Prenons un jeu ô combien immersif : le bien-nommé Red Dead Redemption. Le joueur lambda rentrera pleinement dans l’ambiance western, vivra pendant quelques heures la vie de John Marston. Le joueur chassera juste ce qu’il faut pour vivre, portera secours aux innocents, bref, il insufflera à son personnage ses propres valeurs et convictions. Mais si ce joueur veut faire durer le plaisir en cherchant à compléter tous les trophées ou succès du titre, certains l’obligeront à aller contre sa vision du jeu. On lui demandera ainsi de ligoter une femme sur les rails, ou encore d’éradiquer irrémédiablement tous les bisons de la map. Bref, alors que le titre avait réussi à faire oublier au joueur qu’il était devant sa console, ce système de récompenses casse brutalement l’immersion (NdCouCou : et ne parlons même pas des fameux thermos à café d’Alan Wake…).
Dernier exemple, et pas des moindres : Heavy Rain. Jamais un jeu n’avait autant eu l’ambition de faire vivre une expérience unique au joueur, remplie d’émotions fortes servies par un scenario complexe, lui proposant de prendre ses propres décisions. Mais ici aussi, le système de récompenses va à l’encontre totale de l’ambition du jeu. A chaque embranchement ou presque, un trophée est débloqué, quelle que soit la décision du joueur. Au final, pour avoir tous les trophées et ainsi obtenir le Saint Graal (un trophée platine plus exactement), il faudra donc bêtement refaire encore et encore le jeu, zappant certains passages, laissant parfois mourir délibérément certains personnages. Une hérésie.
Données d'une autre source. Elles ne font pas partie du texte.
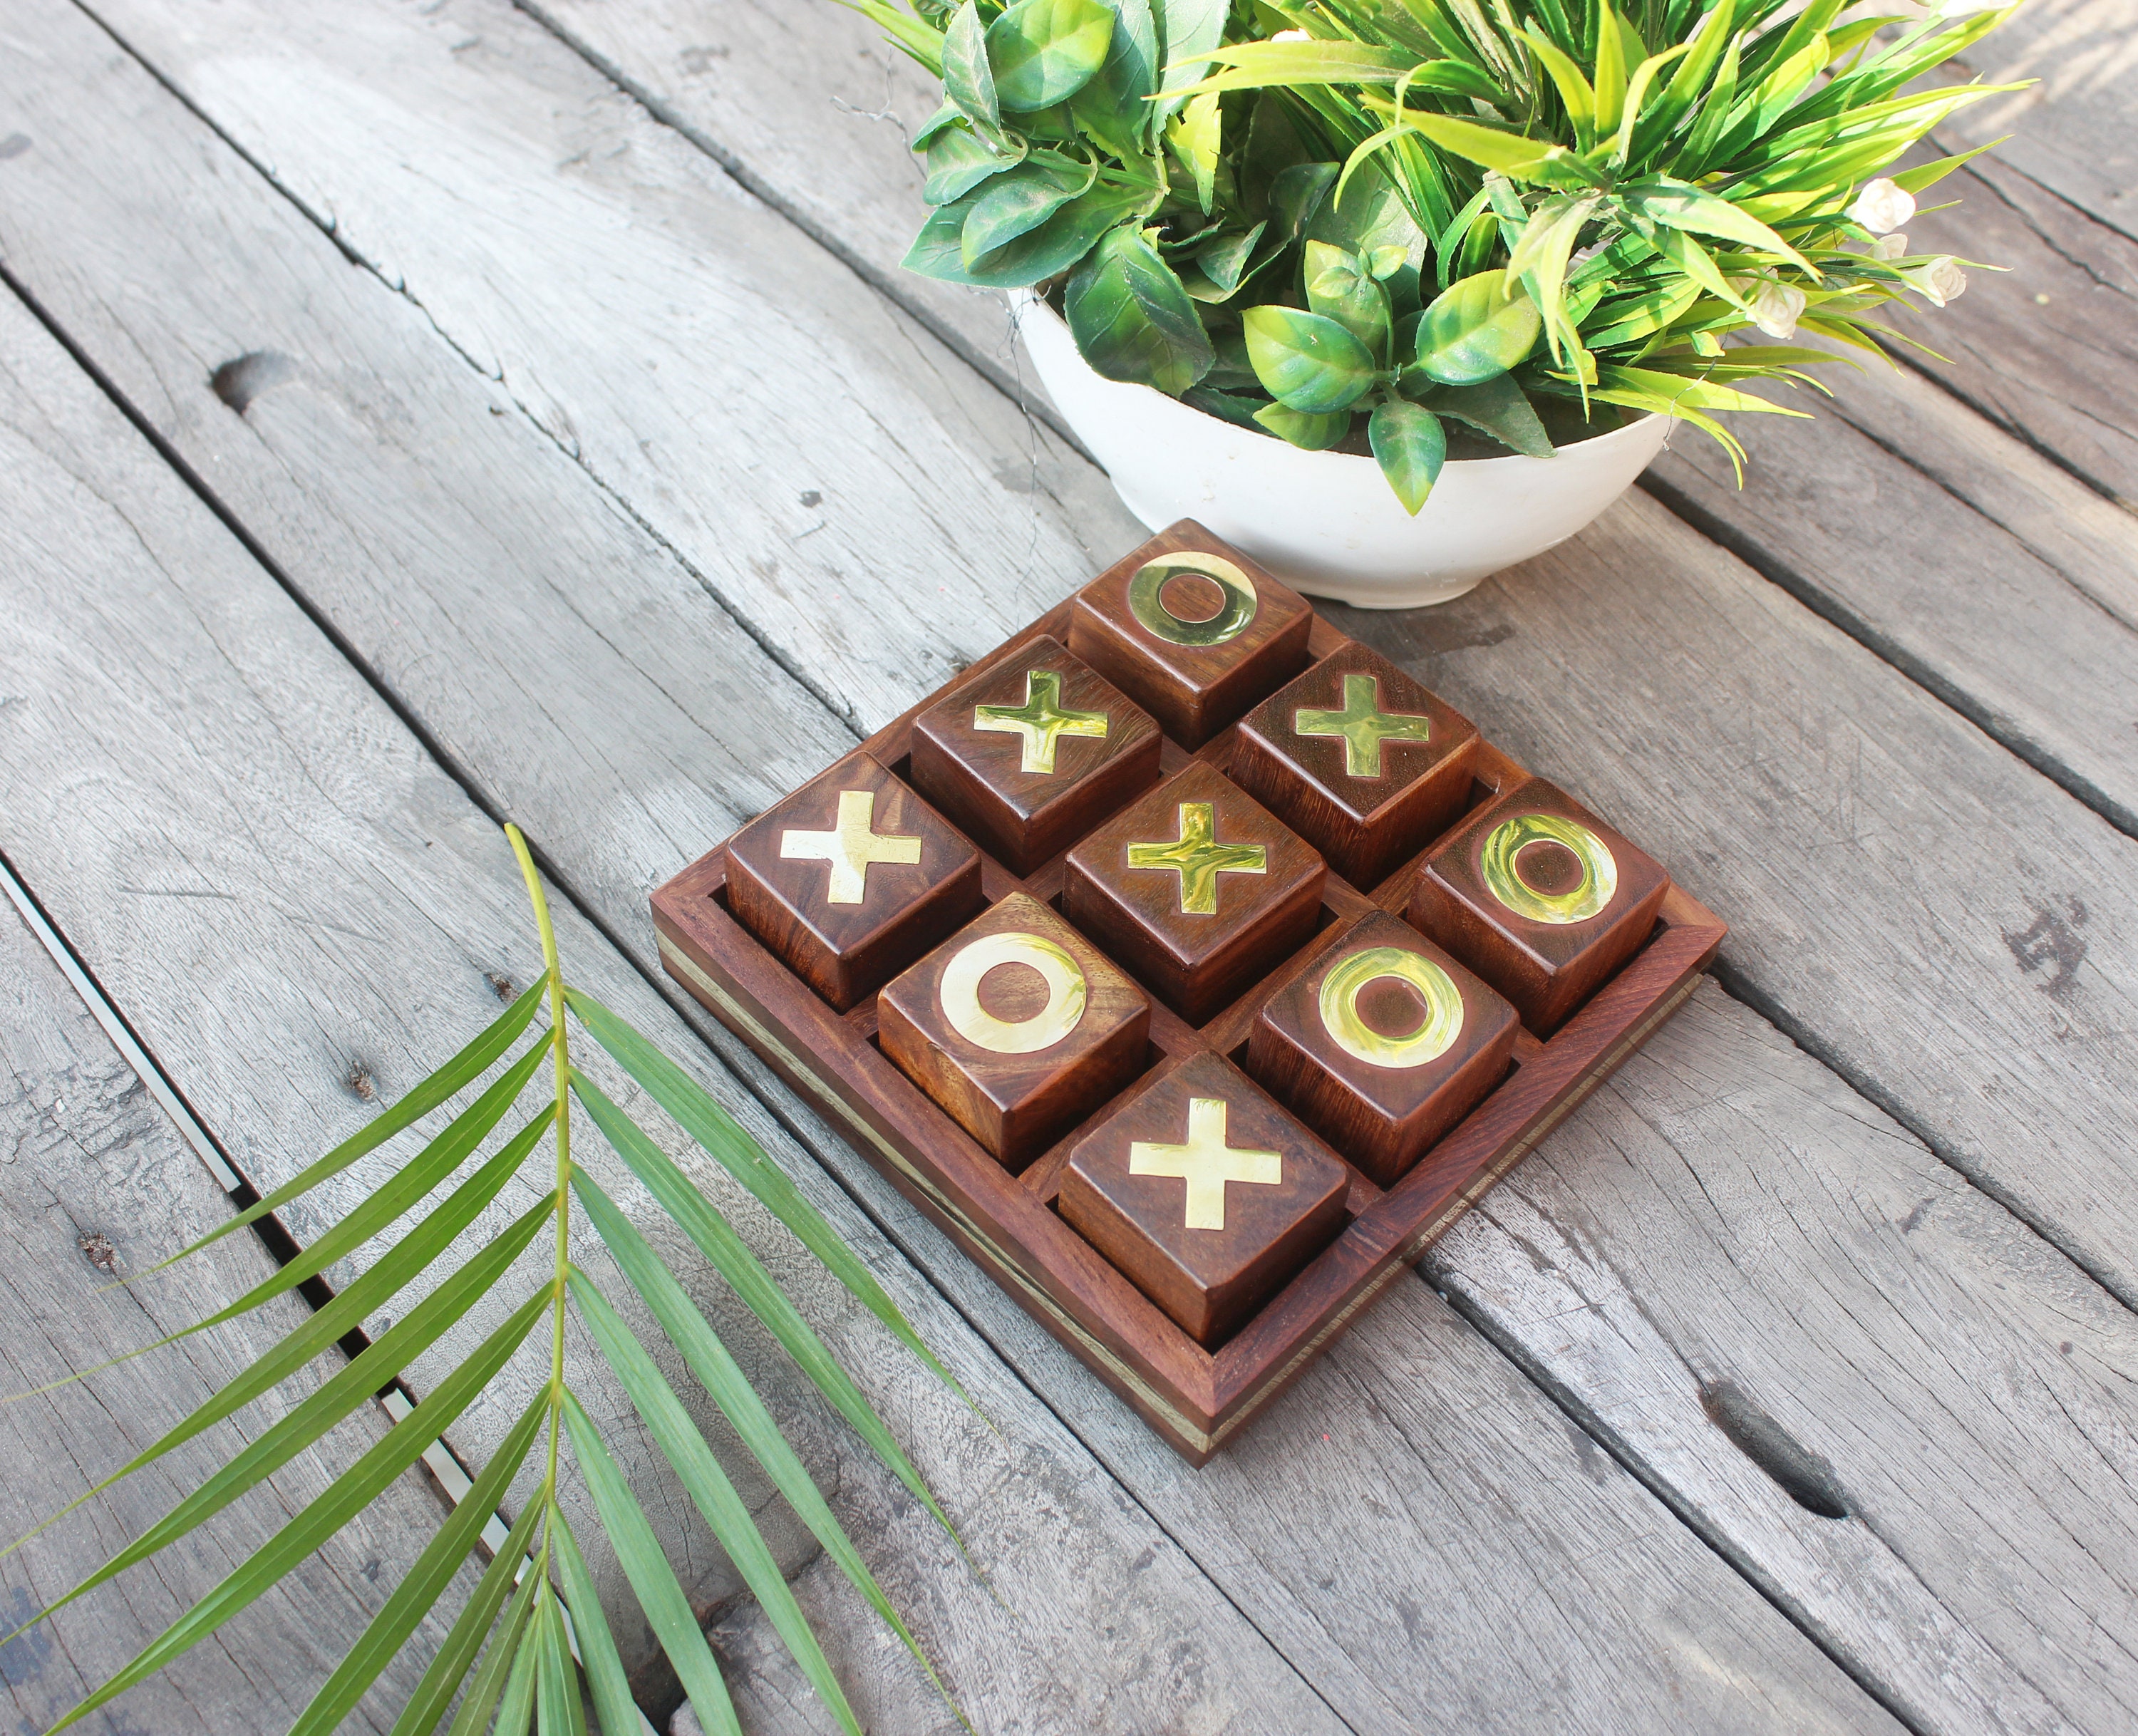 Marble Tic Tac Toe - Decorative Coffee Table Games - Dear Keaton

En conclusion, loin de moi l’idée de cracher sur ces systèmes de récompenses, qui permettent aux joueurs que nous sommes de prolonger un peu l’aventure en apportant quelques challenges supplémentaires. Mais il est tout de même dommage de constater que la course aux trophées/succès s’oppose parfois totalement au jeu lui-même, cassant l’immersion, nous forçant à jouer différemment, parfois à l’encontre de ce que nous aurions fait naturellement. Au final, certains titres semblent avoir le bas de la jaquette entre deux chaises, montrant deux visages diamétralement opposés. D’un coté, on nous offre une aventure interactive et immersive ; de l’autre, on nous propose un challenge supplémentaire qui nous rappelle qu’il ne s’agit que d’un jeu vidéo. L’équilibre entre les deux facettes est encore loin d’avoir été trouvé.